Los tres cenaron bien y se sentaron a disfrutar del crepúsculo.
—Debo informaros de algo —dijo Shimrod—. He viajado por Dahaut durante meses, de una feria a otra, y nunca reparé en mi soledad hasta estos días en que habéis estado conmigo.
Glyneth soltó un suspiro de alivio.
—Es una buena noticia para nosotros, pues nos gusta viajar contigo. No me atrevo a decir que es buena suerte. Podría despertar la maldición.
—Habladme de esta maldición.
Dhrun y Glyneth contaron sus historias y hablaron de las peripecias que habían compartido.
—Así que ahora ansiamos encontrar a Rhodion, el rey de todas las hadas, para que él pueda eliminar la maldición y devolver la visión a Dhrun.
—No pasará por alto el sonido de una gaita de hadas —dijo Shimrod—. Tarde o temprano, el rey se detendrá a escuchar, y tened la certeza de que yo también vigilaré.
—¿Lo has visto alguna vez? —preguntó Dhrun.
—A decir verdad, estaba buscando a otra persona.
—Yo sé quién es —dijo Glyneth—: Un hombre con rodillas flojas que le crujen al caminar.
—¿Y cómo has adquirido ese conocimiento?
—Porque hablas a menudo de rodillas flojas. Cuando alguien se te acerca, le miras la cara en vez de las piernas, y siempre pareces decepcionado. Le das un frasco de ungüento y el hombre se va cojeando.
Shimrod sonrió al fuego.
—De modo que soy transparente.
—La verdad es que no —dijo Glyneth modestamente—. Creo que eres muy misterioso.
Shimrod se echó a reír.
—¿Por qué dices eso?
—Por ejemplo, ¿cómo aprendiste a mezclar tantas medicinas?
—No es ningún misterio. Algunos son remedios comunes, conocidos por todas partes. El resto es hueso pulverizado mezclado con manteca de cerdo o aceite de pata de vaca, con diversos sabores. Nunca dañan y a veces curan. Pero más que vender medicinas quiero encontrar al hombre de las rodillas flojas. Como Rhodion, acude a las ferias y tarde o temprano lo encontraré.
—¿Qué ocurrirá entonces? —preguntó Dhrun.
—Me contará dónde encontrar a otra persona.

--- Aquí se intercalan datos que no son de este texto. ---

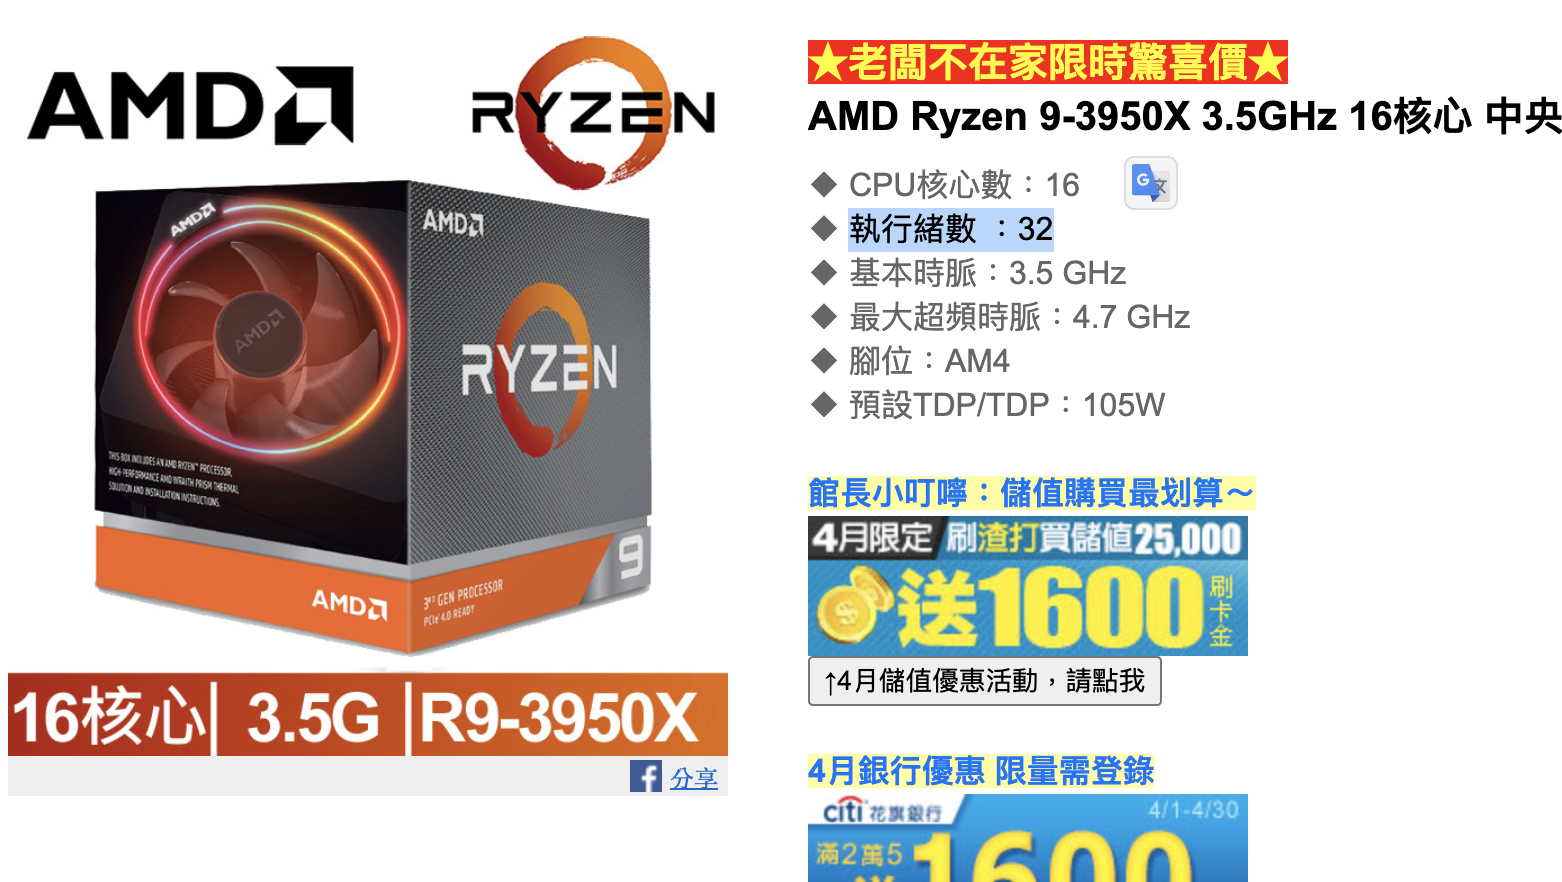 AMD Ryzen 9-3950X

Del sur al norte marchaba el carromato del doctor Fidelius y sus dos jóvenes colegas, deteniéndose en ferias y festivales desde, Dafnes, en el río Lull, hasta Duddlebatz, bajo los yermos pedregosos de Godelia. Hubo largos días de viaje por sombreados senderos campestres, colina arriba y valle abajo, a través de oscuros bosques y viejas aldeas. Hubo noches junto al fuego mientras la luna llena cabalgaba entre las nubes, y otras noches bajo un cielo constelado de estrellas. Una tarde, mientras cruzaban un desolado brezal, Glyneth oyó gemidos en la zanja que bordeaba el camino. Saltó del carromato y, atisbando entre los abrojos, descubrió un par de gatitos manchados que habían sido abandonados a su suerte. Glyneth los llamó y ellos corrieron ansiosamente hacia ella. Glyneth los llevó al carromato, llorando de pena. Shimrod le permitió conservarlos, y ella le echó los brazos al cuello y le besó; Shimrod supo que era su esclavo para siempre, si ya no lo era desde antes.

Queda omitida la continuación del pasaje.